SkyWorks is a catalyst, advocate and participant in social change through community centred film making and public engagement. We work with communities to make documentary films that deal with contemporary social issues and then use them as community development tools, working with local, regional, and national groups, to create strategies for systemic change. We firmly believe that in the collective lived experience of its members, our society can find solutions to its most difficult social concerns - through sharing and exchanging with each other our stories and building strategies based on collective experiences.

History of Organization

SkyWorks Charitable Foundation was established in 1983 as a non-profit documentary organization dealing with contemporary social issues.
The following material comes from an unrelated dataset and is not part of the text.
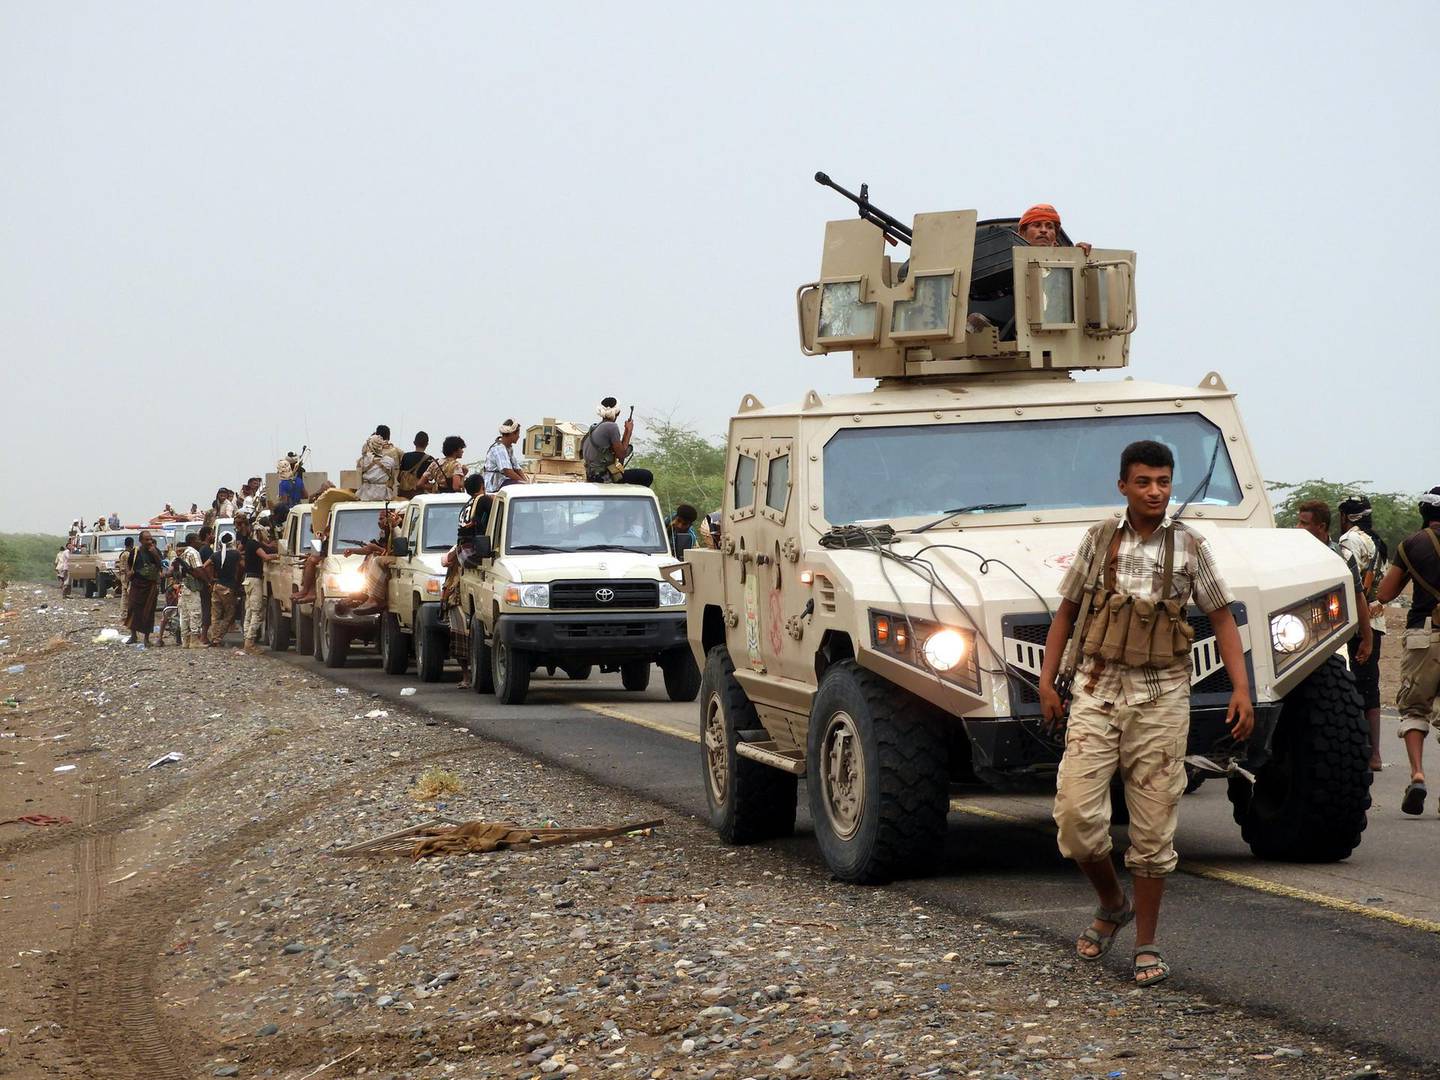 epa06918680 A column of Yemeni government forces and vehicles take position as they fight Houthi rebels in the western port city of Hodeidah, Yemen, 30 July 2018. According to reports, Yemeni government forces backed by the Saudi-led coalition advanced towards the port city of Hodeidah during wide-ranging military operations to retake Hodeidah from Houthi rebels.  EPA/NAJEEB ALMAHBOOBI

SkyWorks has a long history of making documentaries that engage Canadians in building healthy communities.

Our key areas of focus have included:

  • Issues affecting children, youth and families (Home Safe project, Kids Care)
  • Community engagement in health care (To Hurt and To Heal, Jake's Life, The Right to Care, How Can We Love You)
  • Workplace equity (Moving Mountains)
  • The criminal justice system (Until Someone Listens, Crisis Call)
  • Mental health and addiction (Working Like Crazy, Crisis Call, Prescription for Addiction, Recovering Love)
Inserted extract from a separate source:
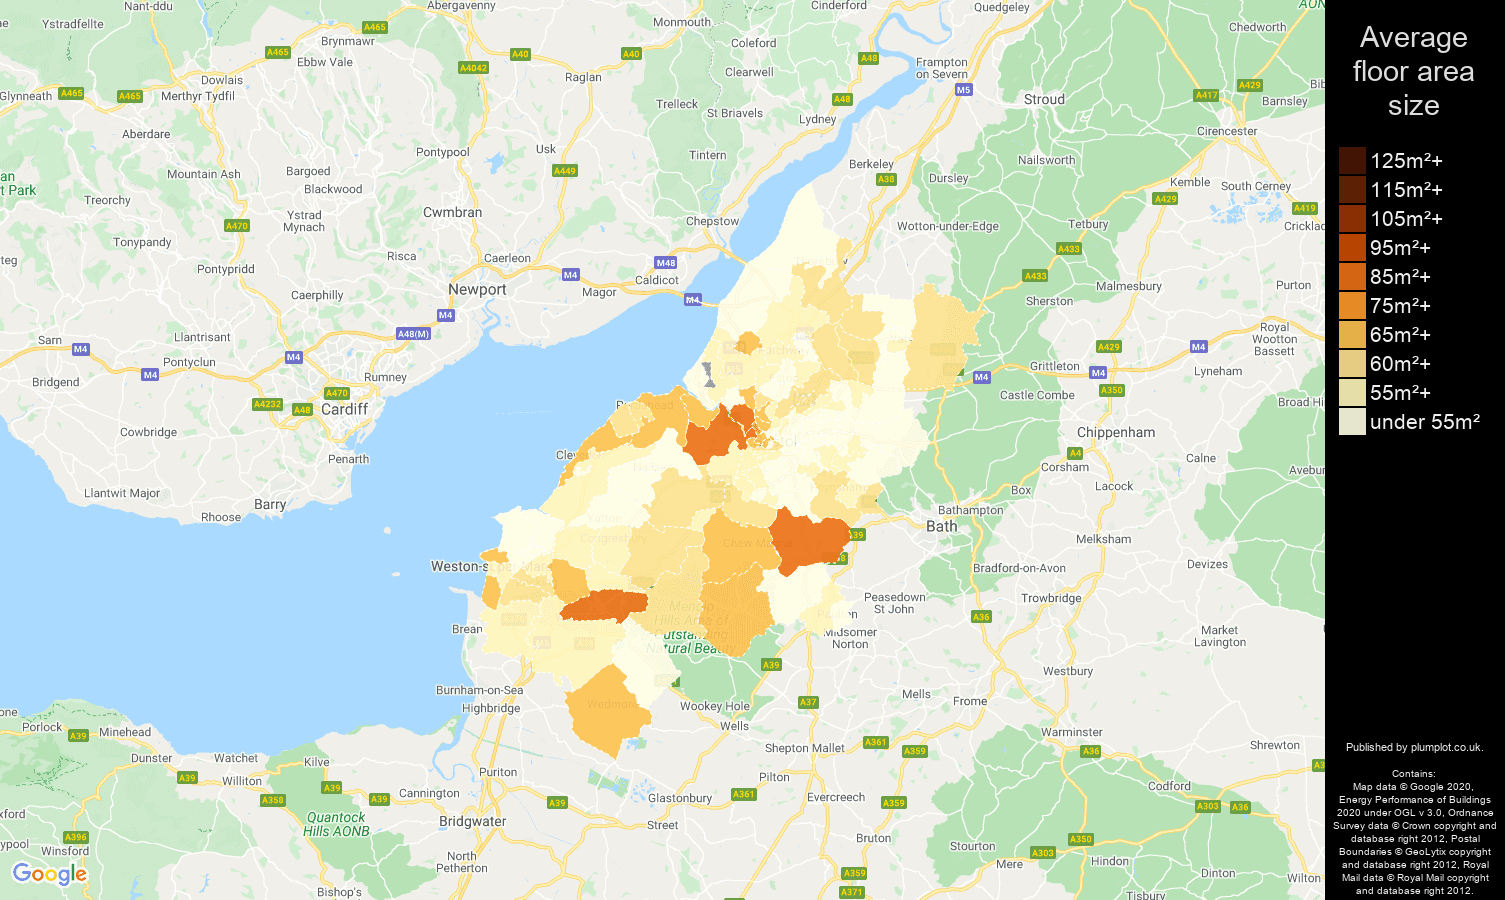 Bristol map of average floor area size of flats

Accolades and Accomplishments

SkyWorks founding director/producer Laura Sky, has won many awards and honours for her documentary work including a Gemini nomination for To Hurt and To Heal, a CALM Award (New York), a Golden Athena (Athens International Film Festival), the Silver Apple (Oakland), and numerous festival invitations around the world. She has been presented with an honorary doctorate degree from Laurentian University for her achievements in documentary.

Since 1983, SkyWorks documentaries have been used by hundreds of community organizations, schools, universities and colleges, proffesional associations, social service agencies, government departments, libraries, faith groups, and other users, and have been seen by thousands of viewers accross Canada. The impact of this work has been to educate audiences about important social issues, challenge discrimination and stereotypes of marginalized groups, influence the thinking and practices of service providers and public policy makers, and inspire individuals to become involved in local efforts and strategies to create positive change for their communities. 

Programs

>Real Change Youth Documentary Program
>Home Safe: A Documentary Community Development Project with Homeless Children and their Families

We focus on documentary and community development projects in four program areas:

  • Working with Children, Youth and Families as a force for social change
  • Promoting recovery by challenging stereotypes and systemic barriers with people experiencing Mental Health issues
  • Informing and supporting Community Engagement in Health Care policies and practices
  • Exploring and documenting alternative approaches in perception, practice and policies in the Criminal Justice System

Documentary projects are developed closely with community members, advisers and organizations, who inform each project through all phases including research, production, and community dissemination. Typically, participants from the films are trained as facilitators to appear with the films at screenings and workshops, engaging directly with audiences. Our documentary tool-kits include support materials such as user and facilitator guides, teacher guides, and other print materials which are made available through our web site.

In our National Home Safe Public Engagement campaign we are working in Ontario and with the Canadian Community Economic Development Network in Western Canada to hold screenings and workshops to engage communities around family poverty and homelessness and the need for a national housing strategy.

We have launched a new film on mothers in recovery from addiction, Recovering Love, and are using it in training with addiction treatment providers, Children's Aid workers, and other groups to address stigma and discrimination directed against women struggling with substance abuse.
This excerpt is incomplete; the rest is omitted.